*Work to be completed:* This calls for a verbatim copy of all the data, with no images carried over.

*Information shown:*
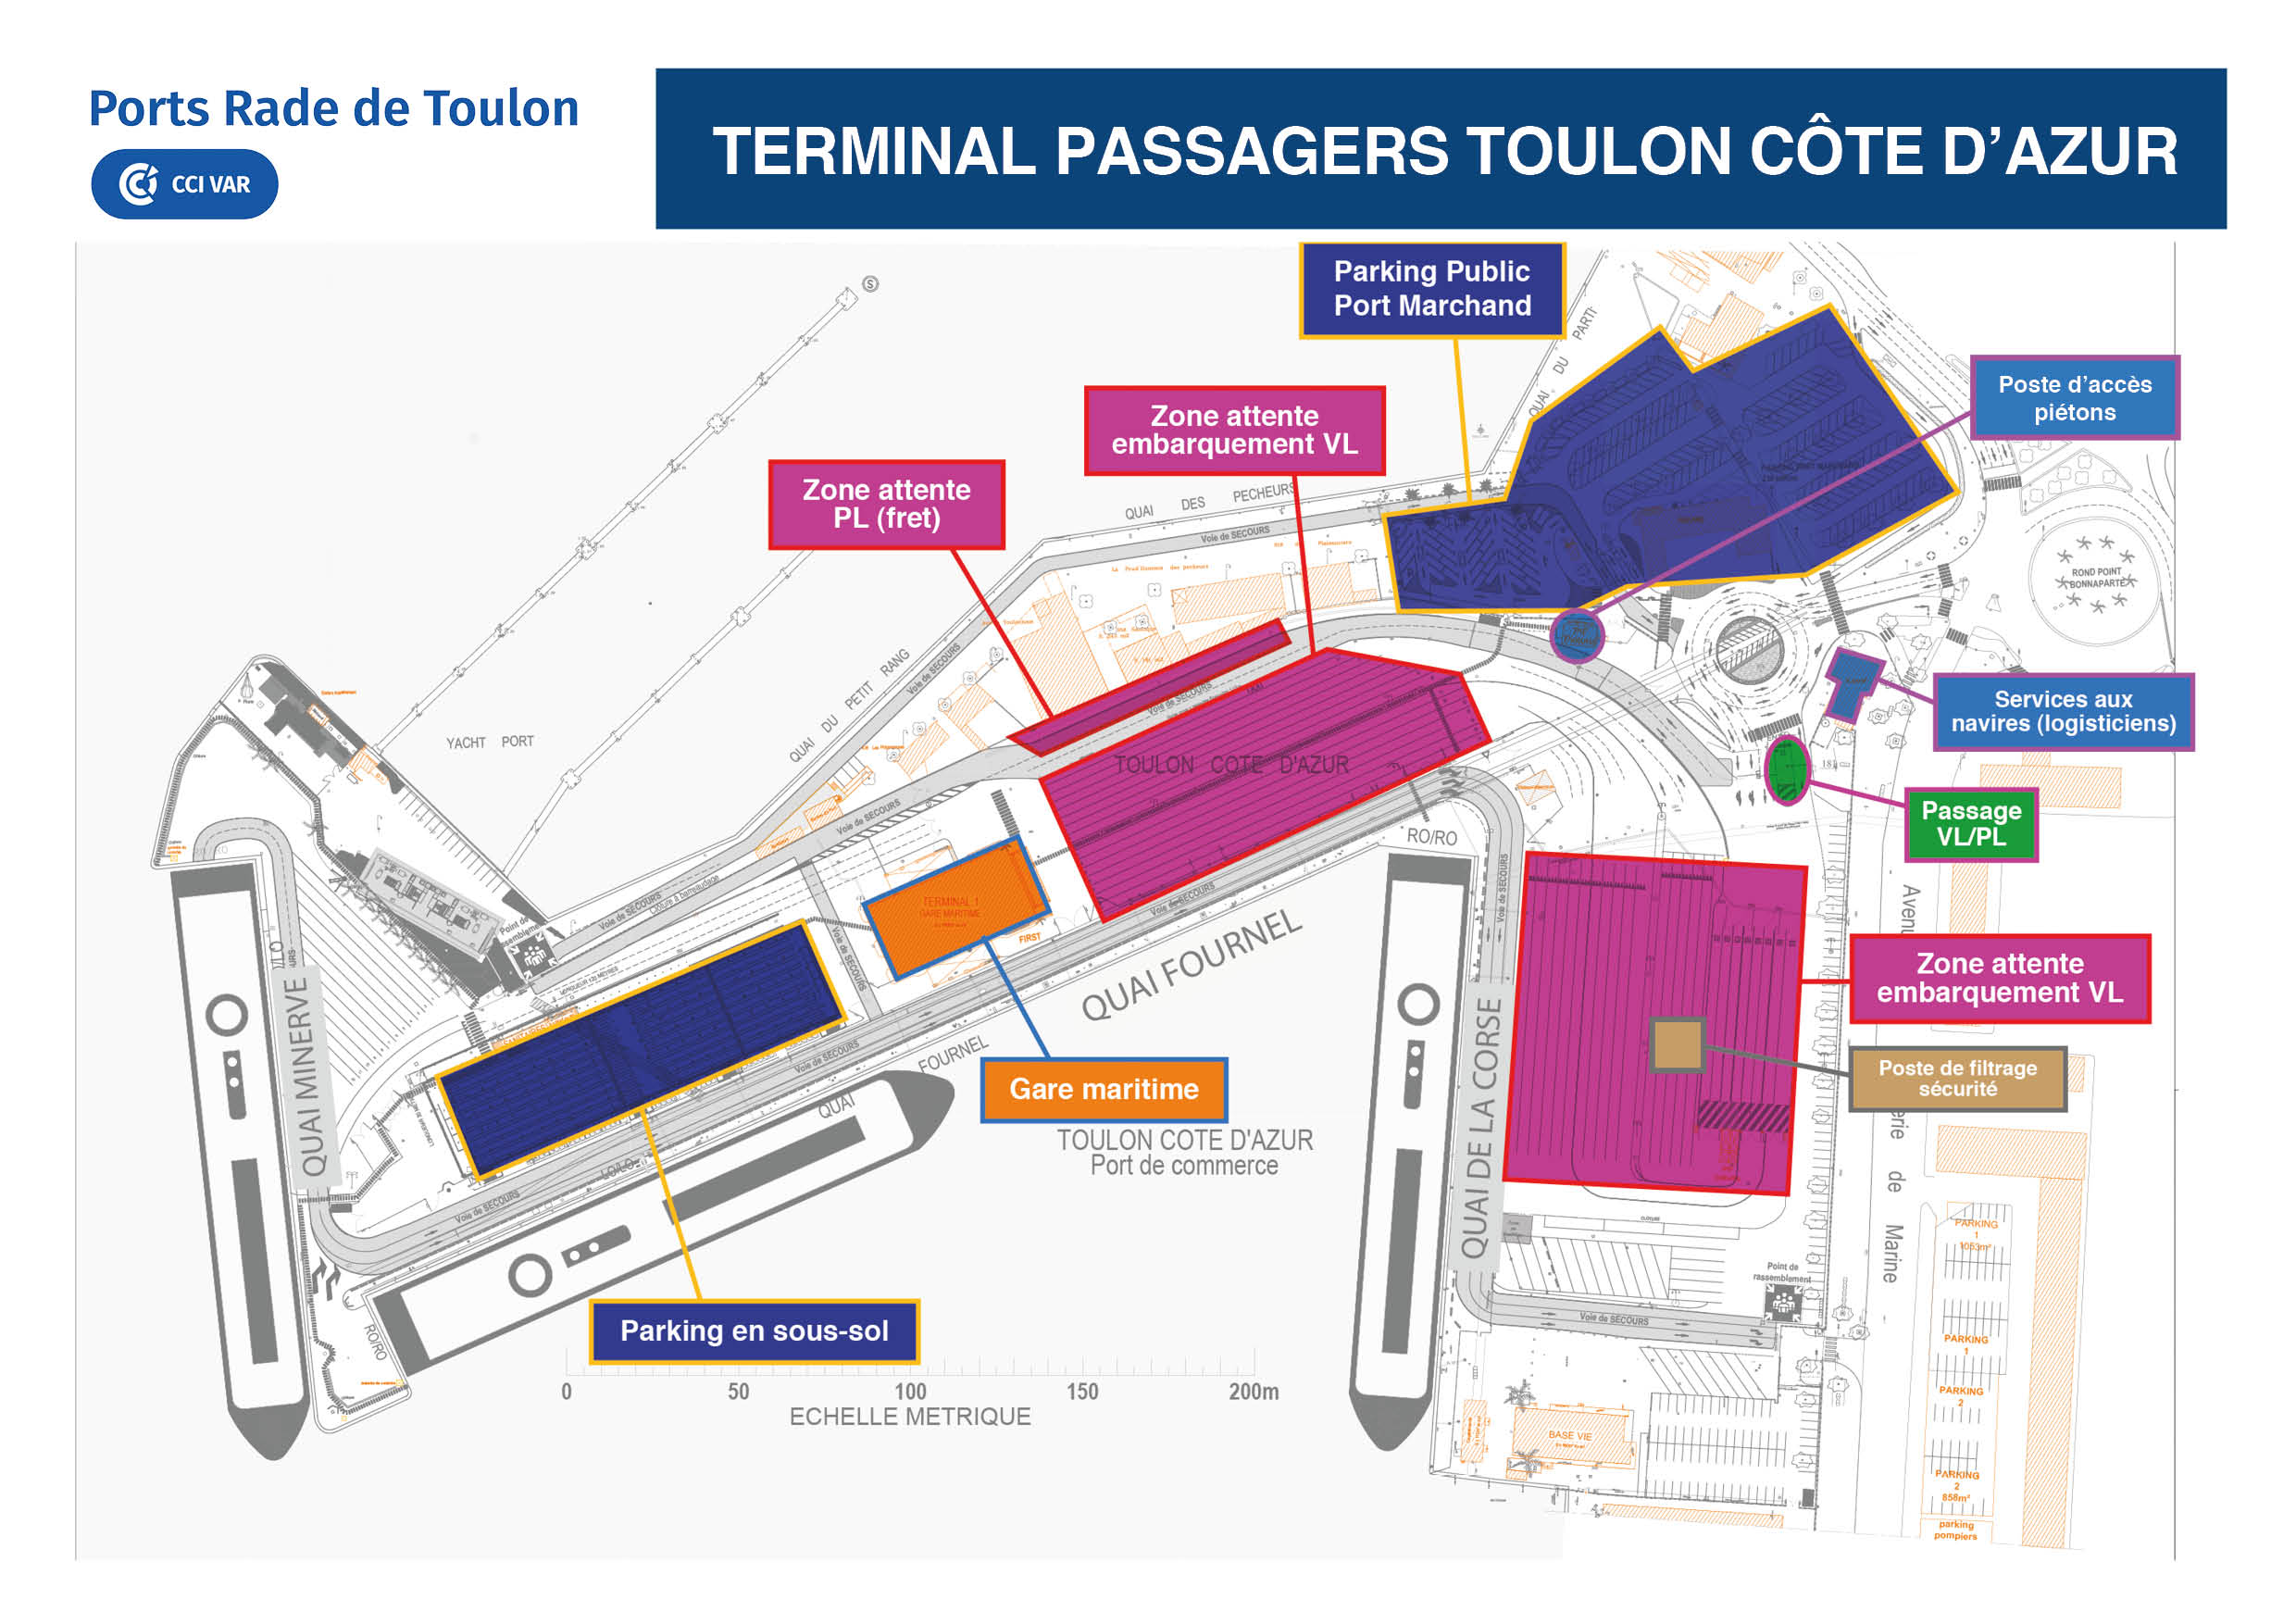 Terminal Passagers Toulon Côte d'Azur
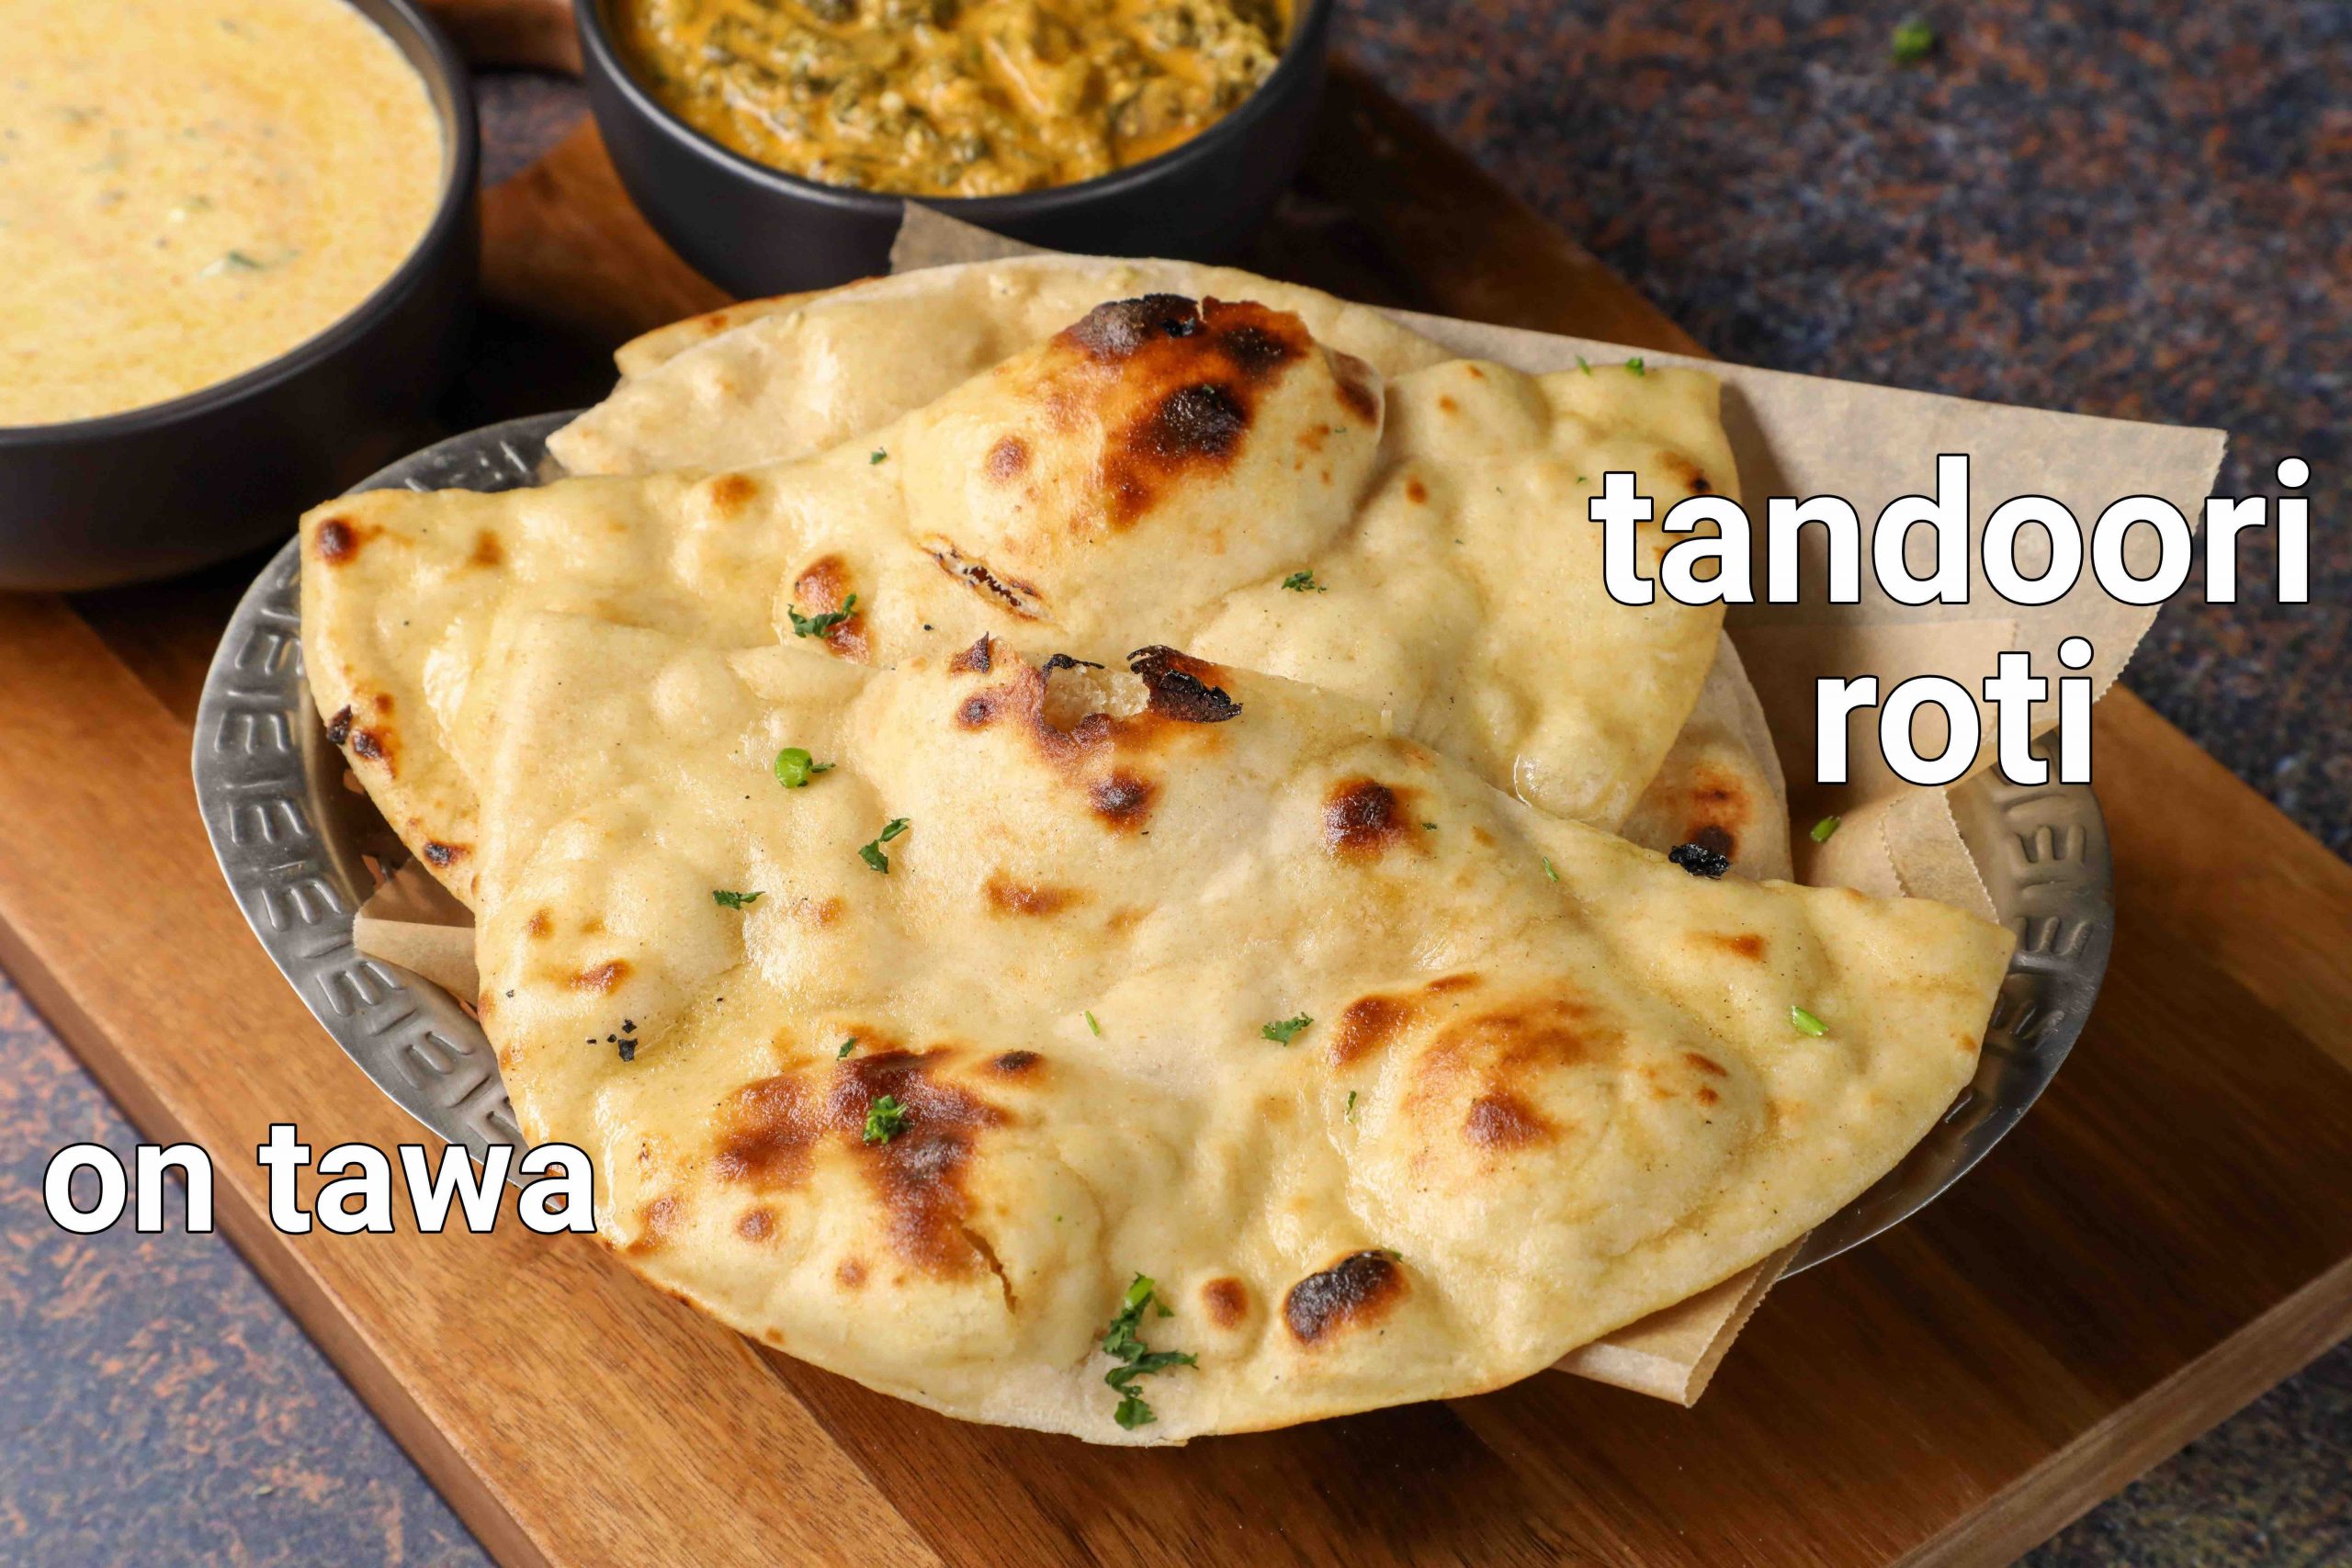 https://hebbarskitchen.com/wp-content/uploads/2020/12/tandoori-roti-recipe-on-tawa-butter-tandoori-roti-at-home-tandoori-roti-naan-1-scaled.jpeg
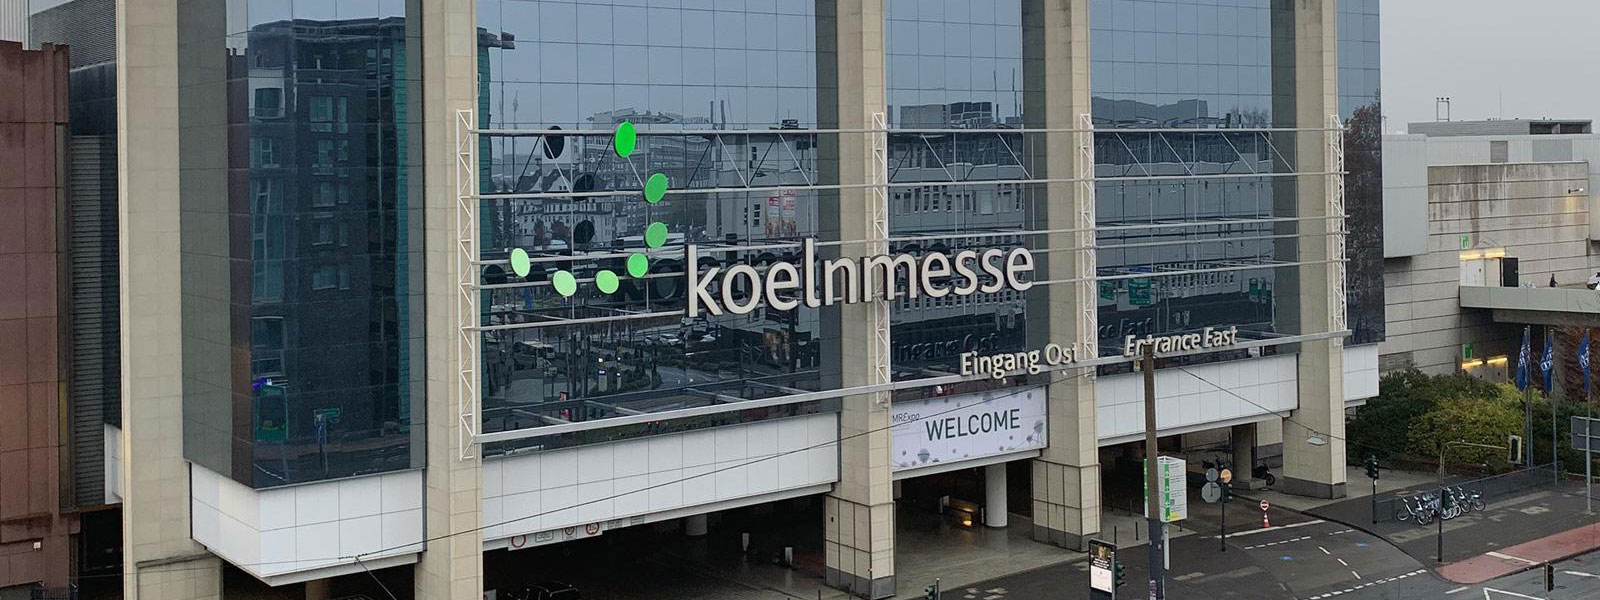 PMRExpo 2018 at Koelnmesse

*Result below:*
 Terminal Passagers Toulon Côte d'Azur
 https://hebbarskitchen.com/wp-content/uploads/2020/12/tandoori-roti-recipe-on-tawa-butter-tandoori-roti-at-home-tandoori-roti-naan-1-scaled.jpeg
 PMRExpo 2018 at Koelnmesse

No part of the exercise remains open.